Key Challenge: The classic assumption of semi-supervised learning is that "neighboring points or points on the same manifold should share label structures," but standard ICL contexts are usually organized as independent demonstrations. Thus, the question becomes: Can a Transformer construct representations from an unlabeled context and propagate a few labels along this representation space directly in a single forward pass, without offline preprocessing?

Goal: The authors formalize this problem as IC-SSL: given \(n\) input points where the first \(m\) are labeled and the remaining \(n-m\) are unlabeled at test time, the model needs to utilize all inputs \(x^{(1)},\ldots,x^{(n)}\) and a few labels \(y^{(1)},\ldots,y^{(m)}\) simultaneously to predict the categories of the remaining samples. The key is not fine-tuning Transformer parameters but completing a semi-supervised learning process within the context.

Key Insight: The paper approaches the problem through spectral geometry and graph semi-supervised learning. Traditional methods construct an adjacency graph and graph Laplacian from all samples, compute Laplacian Eigenmaps as manifold representations, and then perform classification with a few labels. The authors observe that RBF attention naturally expresses local similarity, while linear attention is suitable for simulating power iteration. Therefore, the Transformer architecture has the potential to map this spectral representation learning pipeline into its forward pass.

Core Idea: Use a Transformer to first compute geometry-aware Laplacian Eigenmap representations \(\phi(X)\) within the context, then implement functional gradient descent of categorical cross-entropy on these representations using attention, allowing the unlabeled context to transform from "prediction targets" into "training signals for constructing representations."

Method¶

Overall Architecture¶

The proposed method can be understood as an end-to-end trained two-stage Transformer with an explicit algorithmic interpretation. The first stage, TFrep, only looks at all input points without labels, with the goal of recovering the manifold structure among samples within the context. The second stage, TFsup, attaches the few labels to these representations and uses a categorical ICL head to output prediction probabilities for all unlabeled points. The two stages are combined into a single Transformer and trained end-to-end using IC-SSL cross-entropy.

Specifically, the input context is \(C=\{(x^{(1)},y^{(1)}),\ldots,(x^{(m)},y^{(m)})\}\cup\{x^{(m+1)},\ldots,x^{(n)}\}\). The first stage produces context-dependent representations \(\phi^{(i)}\) based on all \(x\), so \(\phi^{(i)}\) is not just a single-point encoding of \(x^{(i)}\) but a representation dependent on the entire batch \(X\). The second stage updates an implicit classification function \(f\) in the \(\phi\) space based on the few labels and obtains \(P(y^{(i)}\mid X)\) via a softmax form.

graph TD
    A["Context Input<br/>Few Labels + Many Unlabeled Points"] --> B["Contextual Spectral Repr.
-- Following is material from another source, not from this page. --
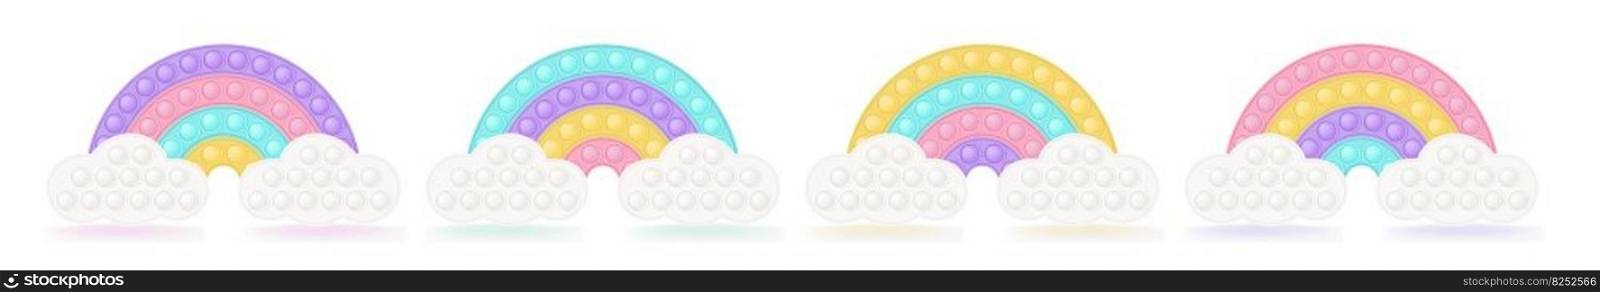 Set of popit rainbows on the clouds as a fashionable silicon fidget toys. Antistress toy for fidget in pastel colors. Bubble sensory popit toy. Vector illustration isolated on a white background. Set of popit rainbows on the clouds as a fashionable silicon fidget toys. Antistress toy for fidget in pastel colors. Bubble sensory popit toy. Vector illustration isolated on a white background.

Learning<br/>Laplacian + Eigenmap"]
    B --> C["Functional Gradient Descent<br/>in Categorical ICL Head"]
    C --> D["End-to-End Training<br/>and Mechanistic Reference"]
    D --> E["Unlabeled Points<br/>Category Probabilities"]

The key to this framework is that the paper does not treat Laplacian Eigenmap as external feature engineering. The authors first provide a constructability argument: certain attention/MLP configurations can approximately implement graph Laplacian construction, eigenvector extraction, and categorical gradient descent. During actual training, these modules are optimized end-to-end, allowing the model to deviate from strict algorithms to achieve better empirical performance.

Key Designs¶

1. Contextual Spectral Representation Learning: Letting Unlabeled Points Determine the Representation Space First

In standard ICL, a query often enters the model only when it is being "predicted," making it difficult to influence the representation itself. The first step here is to use all input points to construct a graph: an RBF similarity \(A_{ij}=\exp(-\|x^{(i)}-x^{(j)}\|_2^2/(2h))\) is defined for any two points, and the normalized Laplacian \(\hat L=I-AD^{-1}\) is obtained from the degree matrix \(D\). This process explicitly writes the local smoothness assumption of semi-supervised learning into the contextual representation: even if a point has no label, it changes the spectral structure of the entire graph through adjacency.

The authors further show that RBF attention can directly produce a similarity normalization matrix similar to \(AD^{-1}\). Thus, a simple Transformer sub-module TFL can form the Laplacian during forward propagation. The subsequent TFϕ uses linear attention to simulate block power iteration, approximating the bottom eigenvectors of \(\hat L\) to form Laplacian Eigenmaps. Consequently, each sample receives a \(\phi^{(i)}\) that naturally carries information about "where it is located within the current context manifold."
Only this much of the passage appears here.